Woko Utoro
Saya pernah ditanya seperti judul tulisan ini, apakah hidup hanya sekumpulan rutinitas. Saya tentu menjawab iya dengan beberapa alasan. Akan tetapi satu di antara teman kami tidak setuju dengan alasan hidup ini berkembang, tumbuh dan berubah. Mungkin pernyataan tersebut benar. Tapi pernyataan saya pun tidak berarti salah. Saya akan tunjukkan rasionalisasinya.
Bahwa hidup hanya sekumpulan rutinitas adalah perspektif psikologi terutama Freud dengan struktur kepribadian id, ego, superego. Bagi Freud struktur kepribadian itu dikontrol oleh tingkat kesadaran. Sedangkan rutinitas dibentuk berdasarkan basic insting yang dimiliki manusia. Terutama insting untuk memenuhi kebutuhan hidup. Anda mungkin tahu bahwa insting manusia yaitu berkaitan dengan makan, seks dan kebutuhan untuk bertindak serta memutuskan.
Tentu kita juga tahu bahwa kebutuhan tersebut dapat dipenuhi hanya dengan melakukan serangkaian aktivitas. Jika ingin kaya maka bekerja dan jika ingin pintar harus belajar. Aktivitas itulah yang dilakukan dalam bingkai rutinitas. Dan siapa yang bisa menghindar dari rutinitas harian tersebut.
Dalam tataran psikologi rutinitas dibentuk berdasarkan kebutuhan tentu di Islam pun dikenal dengan istilah kebutuhan lahiriah. KH Haris Shodaqoh menjelaskan hal itu berdasarkan surah Al An'am ayat 32 ada istilah la'ibun wa lahwun. Dua kata itu berarti hidup hanyalah permainan dan senda gurau.

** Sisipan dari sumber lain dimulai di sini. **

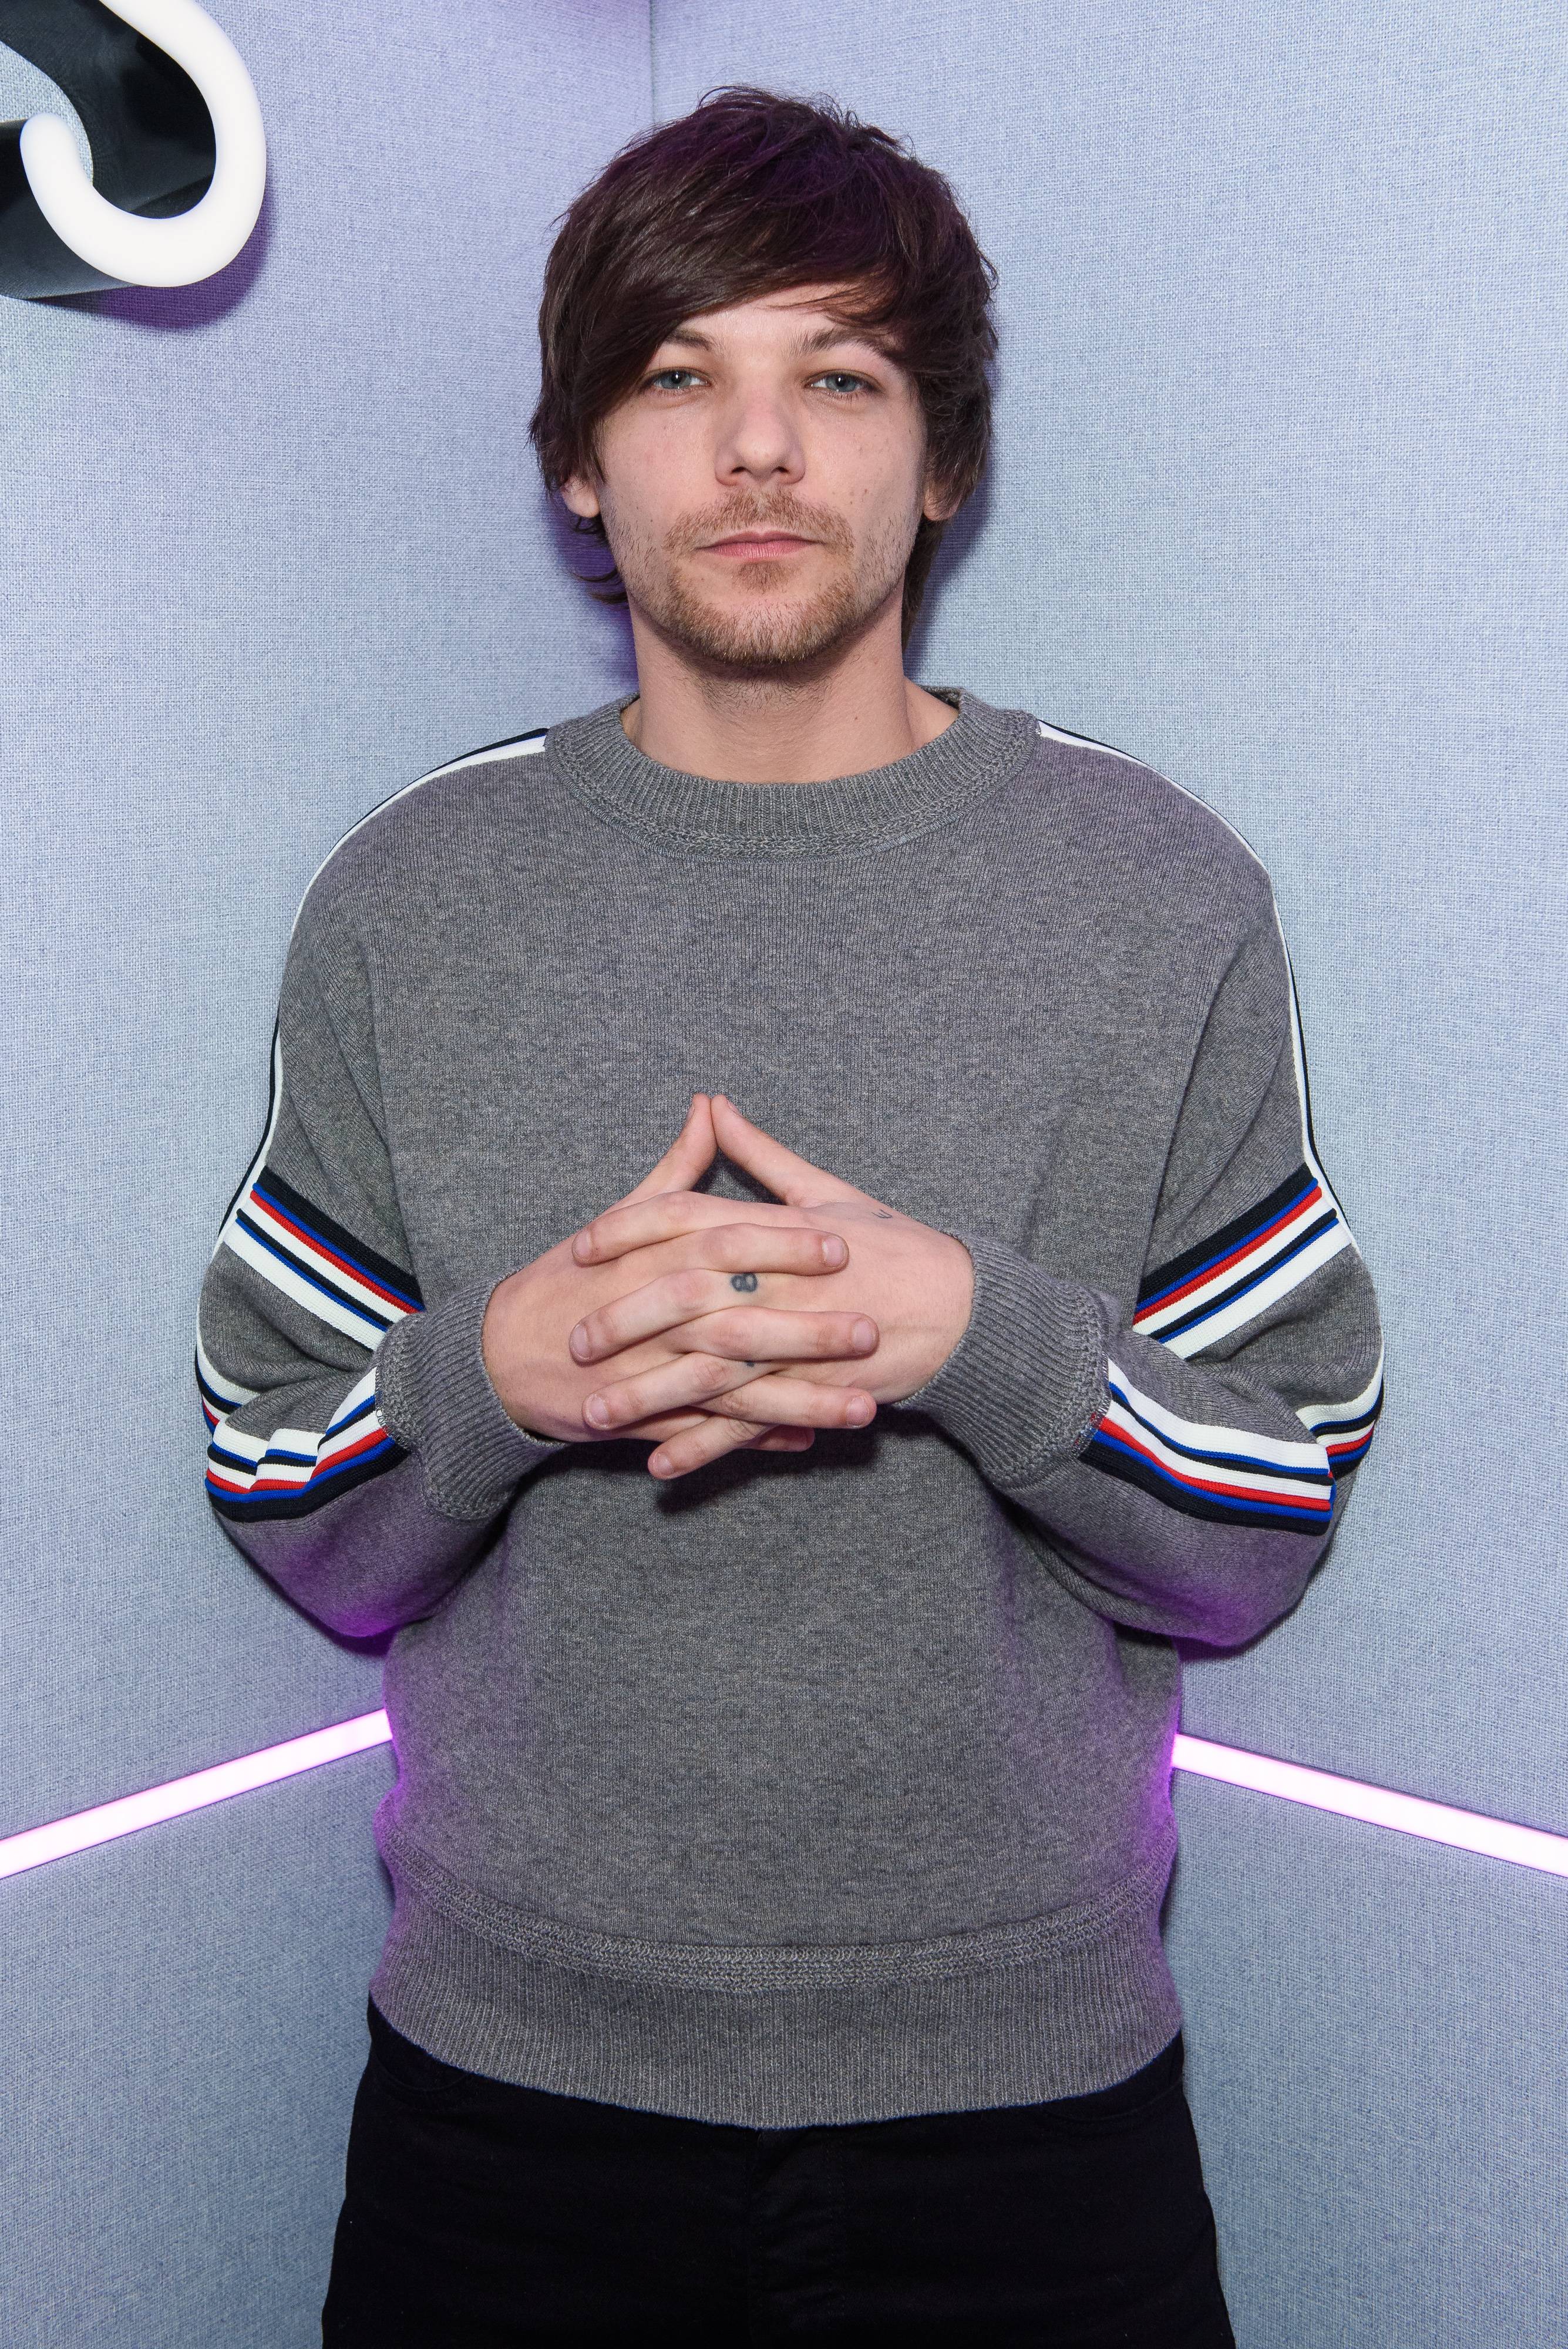 Louis Tomlinson's 'Two of Us' Is About the Death of His Mom

Menurut tafsir al Qurtuby dijelaskan bahwa permainan dibagi dua yaitu permainan dalam arti seperti anak-anak dan permainan dalam hati.
Permainan dalam arti lahiriah percis seperti anak-anak yang membutuhkan hiburan. Waktunya amat terbatas akan tetapi setiap manusia menyukainya. Karena bagi Johan Huizinga manusia memang tergolong homo ludens atau menyukai permainan dan bermain. Lantas apa hubungannya dengan rutinitas. Sederhana saja bahwa permainan dan senda gurau diibaratkan rutinitas yang diulang-ulang tiap hari. Seperti halnya kebutuhan manusia yang harus dipenuhi tiap hari.
Kita belajar bahwa kebutuhan manusia itu sebenarnya hanya butuh sedikit saja. Akan tetapi kita terjebak dalam makna lahiriah yaitu rutinitas. Bayangkan saja manusia sebenarnya hanya butuh sepiring nasi untuk makan. Akan tetapi manusia justru terjebak kerja keras siang malam sampai lupa waktu. Bahkan manusia lebih mudah menggadaikan permainan dalam hati yang lebih bersifat rohani.
Di sinilah kita harus memahami bahwa ada yang lebih penting dari sekadar candaan, gurauan dalam makna lahiriah yaitu dimensi rohani alias batin. Dimensi yang jarang manusia perhatikan kecuali sibuk menghias lahiriah. Maka dari itu agar tidak melulu rutinitas kita harus punya strategi bagaimana agar dimensi batin juga terpenuhi. Yaitu dengan cara beribadah kepadaNya. Sungguh hidup esensinya adalah menghamba kepadaNya.